Example call_end success
{
"result": {
"status": "ACCEPTED",
"code": "CALL_END_SUCCESS",
"timestamp": "2025-10-04T18:21:52.103Z"
},
"data": {
"callId": "call_123",
"costUSD": 0,
"metered": {
"tokens": 768,
"calls": 1,
"searches": 1
}
},
"correlationId": "corr_abc123"
}metered is derived from the raw Dynamo deltas. Additional meters (audio seconds, reasoning tokens, balances) will populate in later phases without breaking the contract.
Premium detection and override
UsageTap automatically determines whether a call is premium based on the model's output token pricing:
- If the output token price exceeds $4.00 per million tokens, the call is classified as premium
- Otherwise, it's classified as standard
You can explicitly override this detection by passing isPremium in your call_end request:
await usageTap.endCall({
callId: begin.data.callId,
modelUsed: "custom-model-v2",
inputTokens: 100,
responseTokens: 200,
isPremium: true, // Explicitly mark this as a premium call
});This is useful when:
- You're using custom models that aren't in UsageTap's pricing database
- You want to enforce specific billing tiers regardless of pricing
- You're implementing your own tier classification logic
Raw fetch integrations
Prefer UsageTapClient whenever possible—it handles retries, headers, and idempotency for you.
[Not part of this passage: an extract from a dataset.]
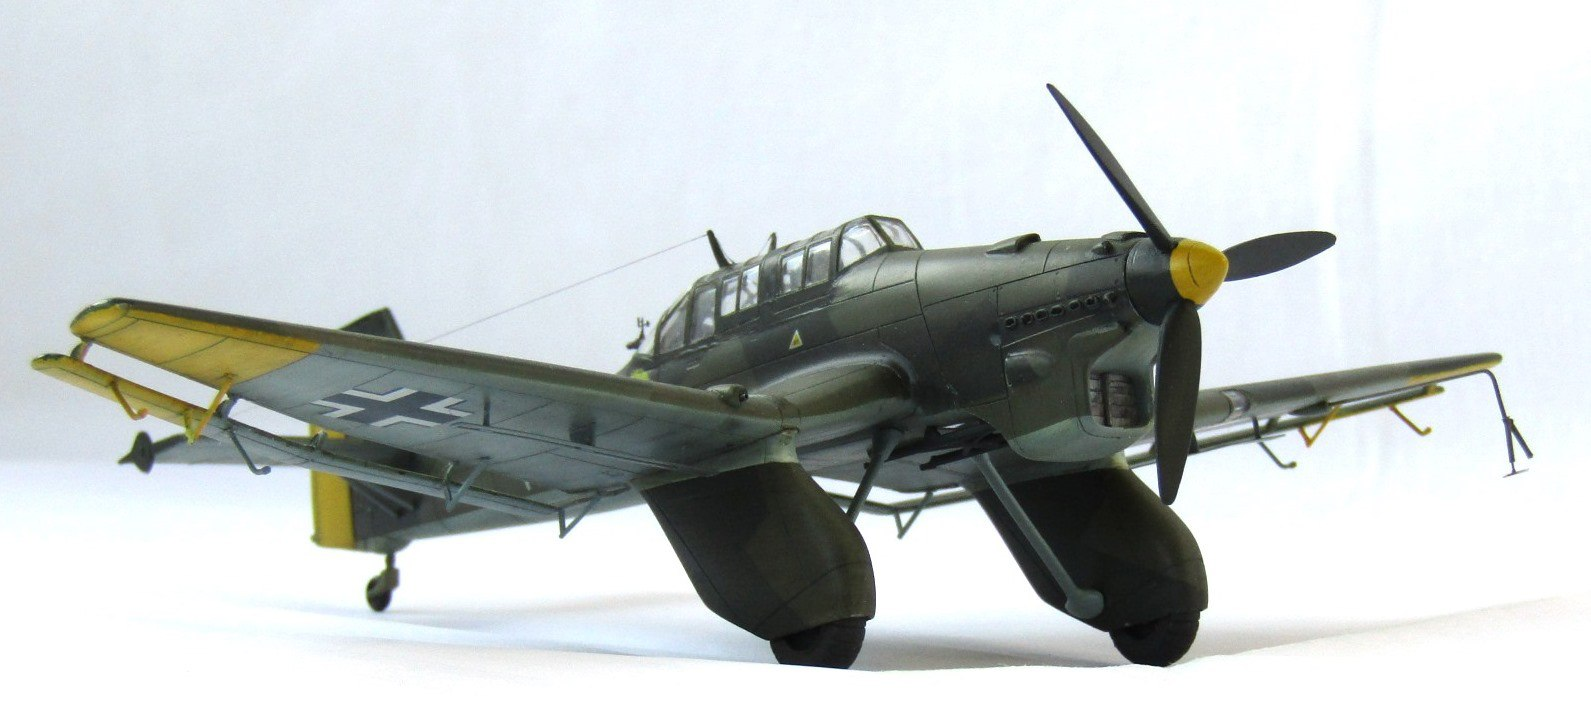 Ju-87A 1/72 (Special Hobby) _5VxERpcbkk

If you still need to work with fetch directly, remember to request the canonical media type and consume the envelope shape directly:
import type { BeginCallResponseBody, EndCallResponseBody } from "@usagetap/sdk";
const beginResponse = await fetch(`${baseUrl}/call_begin`, {
method: "POST",
headers: {
Authorization: `Bearer ${apiKey}`,
Accept: "application/vnd.usagetap.v1+json",
"Content-Type": "application/json",
},
body: JSON.stringify(payload),
}).then((r) => r.json());
if (beginResponse.result.status !== "ACCEPTED") {
throw new Error(`call_begin failed: ${beginResponse.result.code}`);
}
const begin = beginResponse.data as BeginCallResponseBody;
// ...later, when closing the call
const endResponse = await fetch(`${baseUrl}/call_end`, {
method: "POST",
headers: {
Authorization: `Bearer ${apiKey}`,
Accept: "application/vnd.usagetap.v1+json",
"Content-Type": "application/json",
},
body: JSON.stringify({ callId: begin.callId }),
}).then((r) => r.json());
if (endResponse.result.status !== "ACCEPTED") {
throw new Error(`call_end failed: ${endResponse.result.code}`);
}
const end = endResponse.data as EndCallResponseBody;The canonical payloads (BeginCallResponseBody, EndCallResponseBody, etc.) now match the envelope exactly, keeping SDK and raw integrations aligned without extra helper utilities.